Bitcoin plunged on Monday and fell below €75,000 as the broader crypto market extended its steep decline.
Cryptocurrencies entered another losing month as Bitcoin dropped more than 5% during European trading.
Bitcoin reached about €110,000 in early October and then began a long slide after heavy liquidations.
The currency lost over 16% in November and even moved toward €74,000 at one point.
Other major tokens also fell on Monday, with Ethereum and Solana dropping more than 5%.
Bitcoin showed brief stability last month, but each rebound faded and prices resumed their fall.
Risk-Averse Investors Shift Strategies
Stocks linked to higher risk also declined in recent weeks as investors adopted cautious behavior.
Bitcoin exchange-traded funds continued to see weak inflows during this period.
An ETF holds assets such as stocks, bonds, commodities, or Bitcoin inside one product.

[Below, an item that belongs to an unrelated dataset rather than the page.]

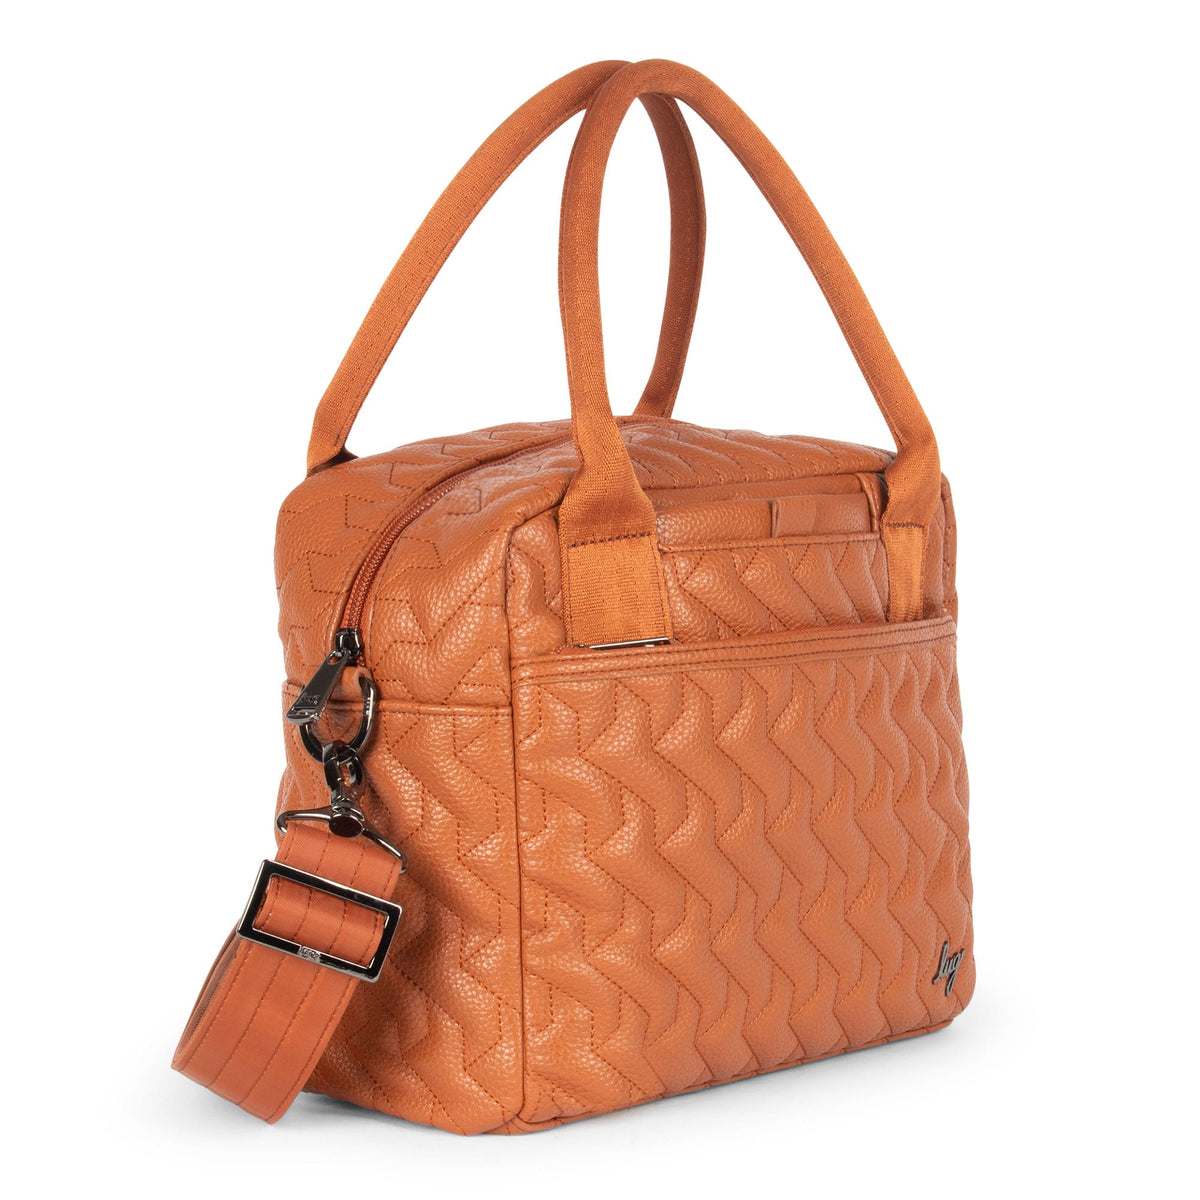 The Classic Cross-body Bag in Copper Leather

Investors buy one ETF share to gain exposure to all assets inside the fund.
They often sell ETF shares when the value of one or more underlying assets drops.
This selling pressure affects the overall ETF price and adds to market volatility.

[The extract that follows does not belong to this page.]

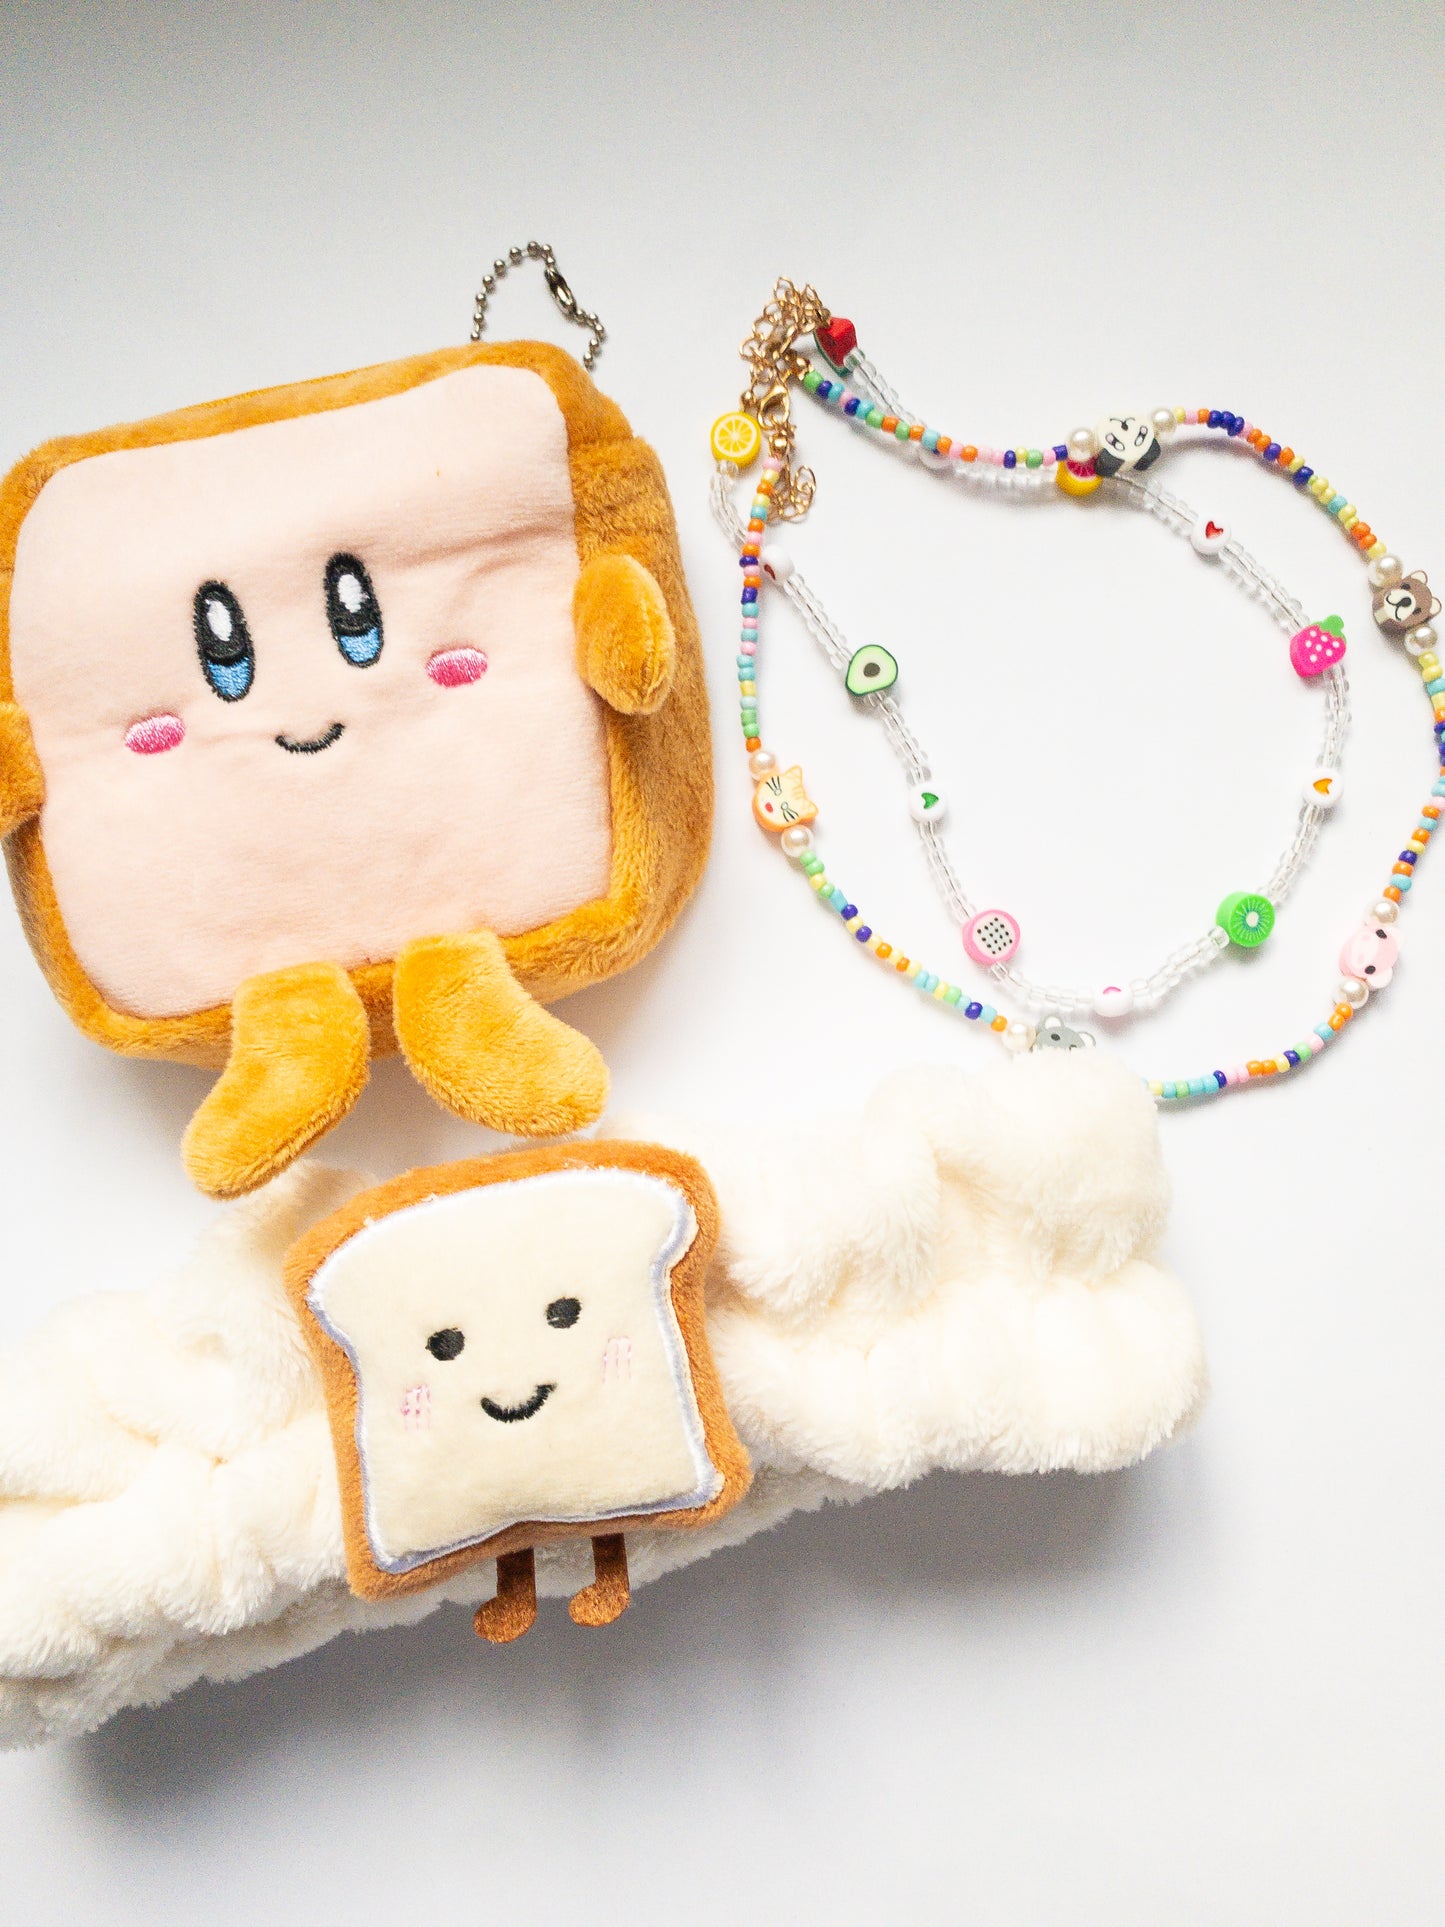 A collection of your favorite dessert--the Brick Toast! This bundle includes the Brick Toast Coin Purse Keychain, the Fruity Critter Necklace Set (comes with 2 necklaces), and the Brick Toast Plush Spa Headband. Save $6 with this bundle!

Market Forces Drive Continued Weakness
Global uncertainty and reduced appetite for risk pushed the world’s largest cryptocurrency lower.
Traders dumped volatile assets after weaker economic signals and fading hopes of early rate cuts.
Central banks such as the US Federal Reserve and the Bank of England influenced these expectations.
Experts also link the decline to aggressive strategies used by professional traders.
Many investors expected Bitcoin to behave like a safe-haven asset similar to digital gold.
Its sharp swings instead show that it behaves more like tech-linked stocks.
Nvidia, which produces high-demand GPU chips, surged this year and then experienced similar steep drops.